Work order =>
Copy out and return the lines from the one holding "Yoga som lindrer, oppslag" to the end of the listing below, both included, omitting the pictures.

Supplied data =>
*** Block opens ***

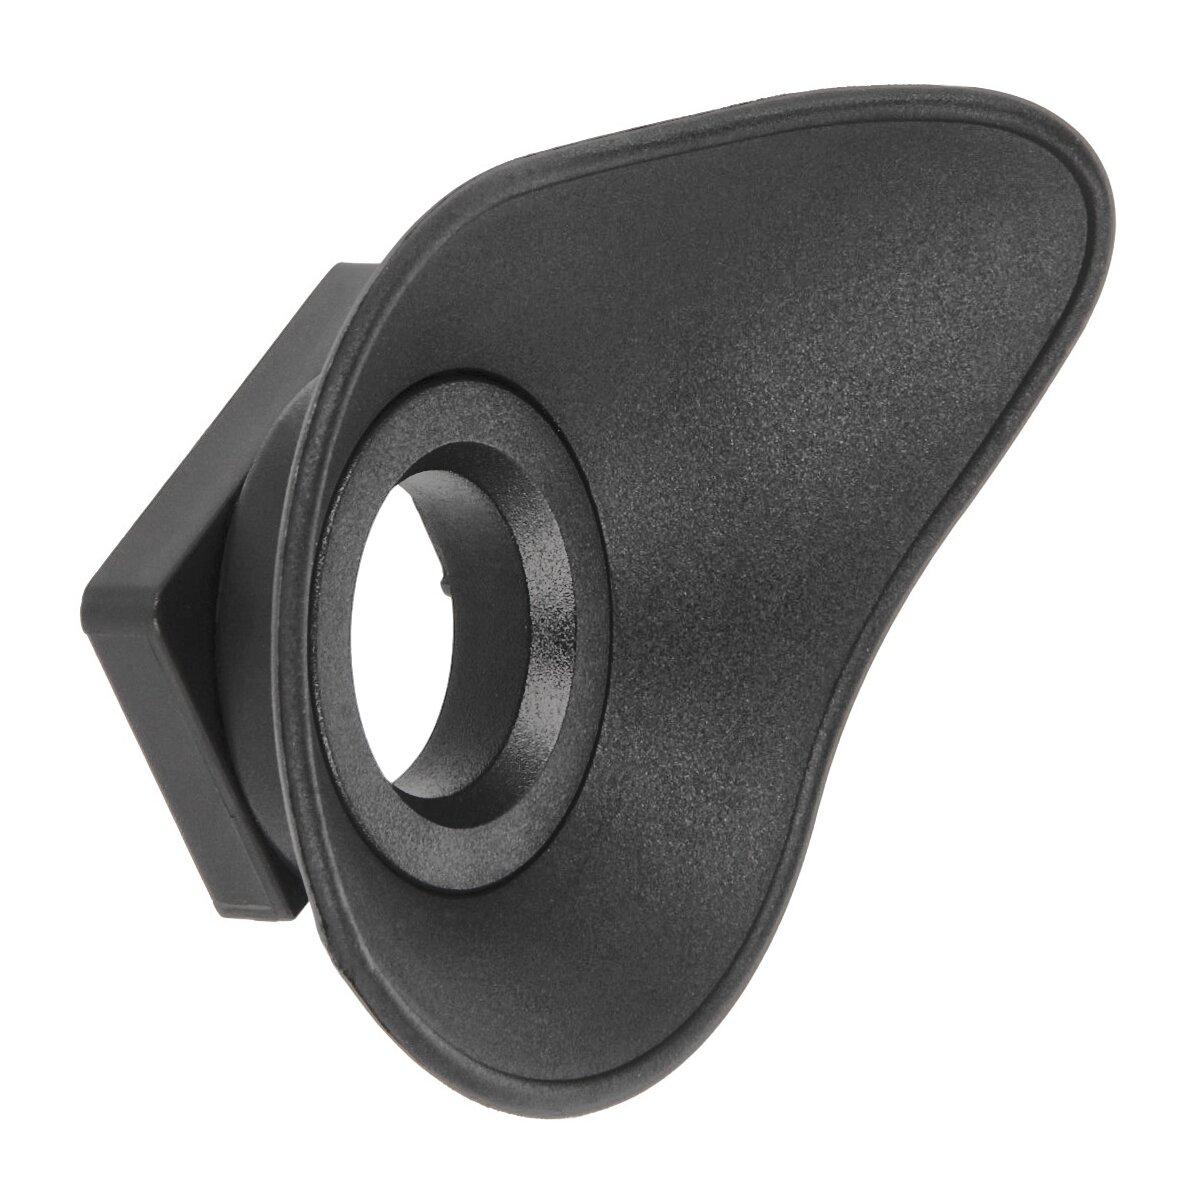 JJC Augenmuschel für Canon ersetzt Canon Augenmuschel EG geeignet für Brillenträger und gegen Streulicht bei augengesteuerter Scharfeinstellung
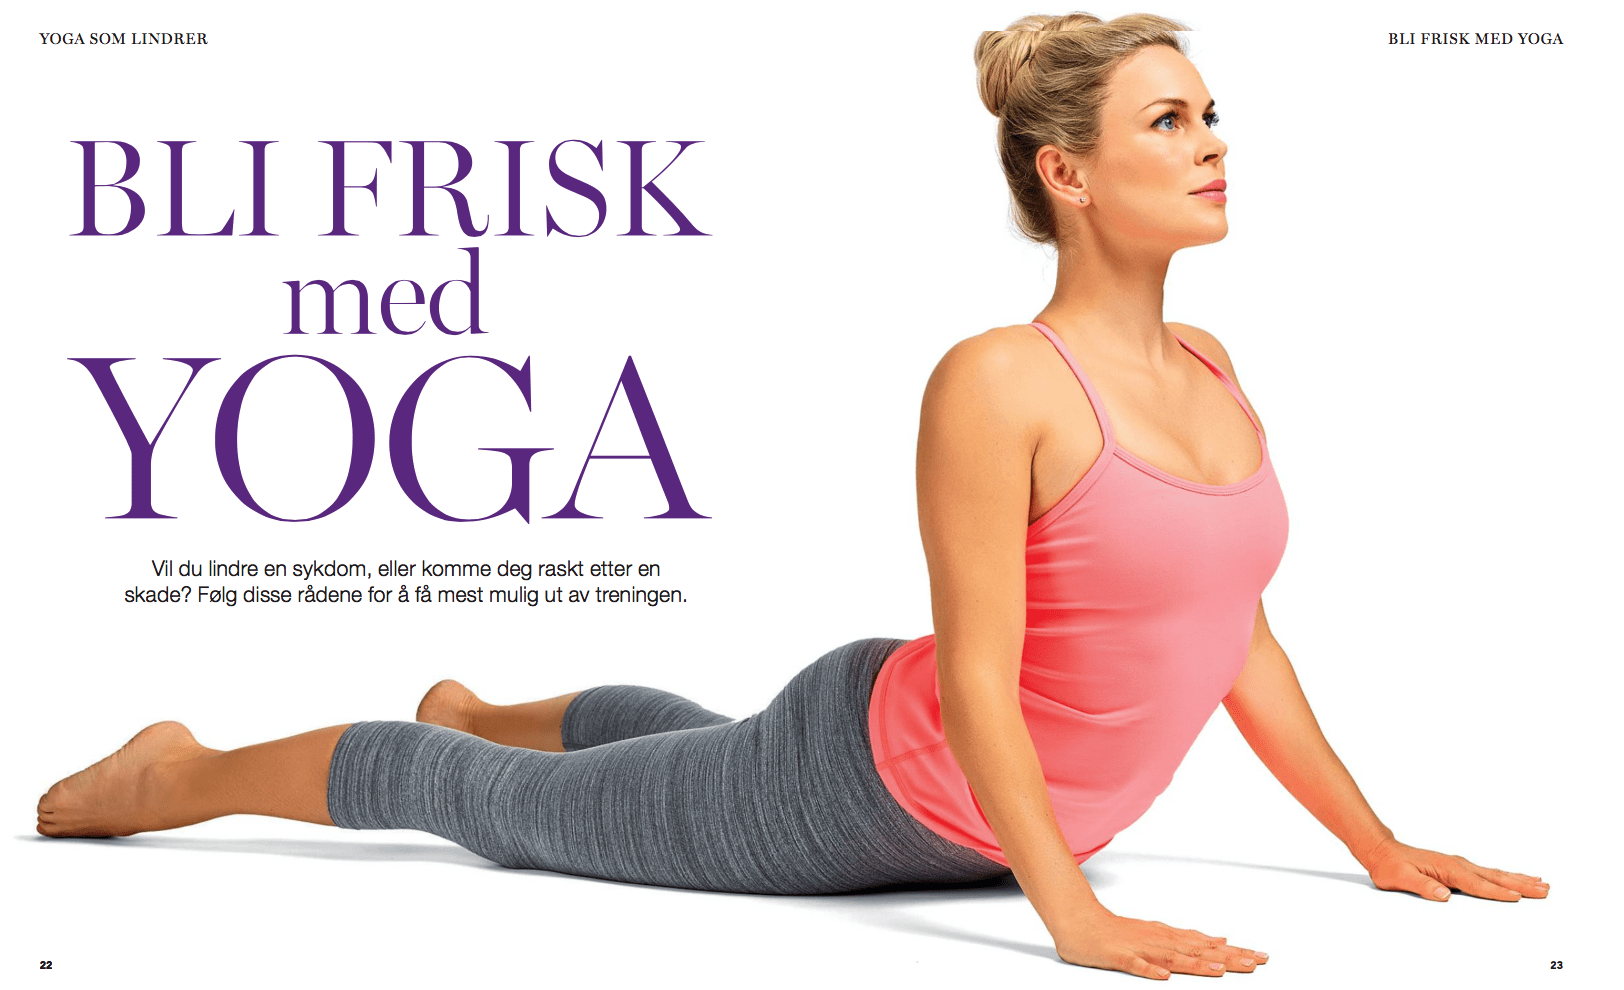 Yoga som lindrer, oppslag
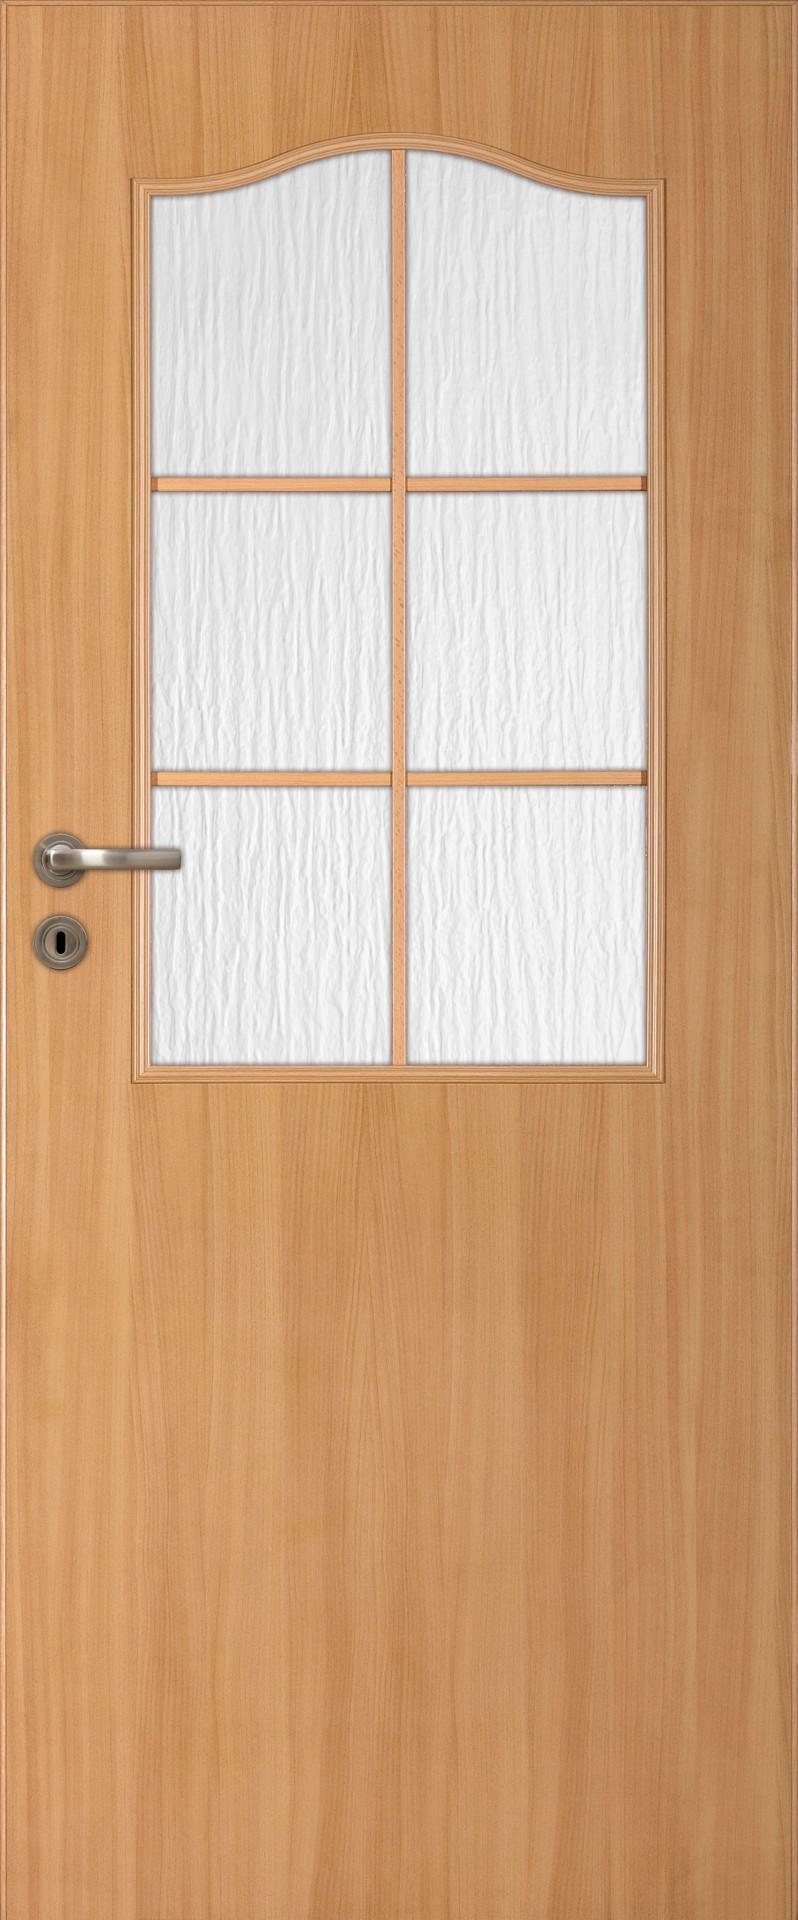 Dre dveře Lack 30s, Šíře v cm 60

*** Block closes ***

Solution =>
 Yoga som lindrer, oppslag
 Dre dveře Lack 30s, Šíře v cm 60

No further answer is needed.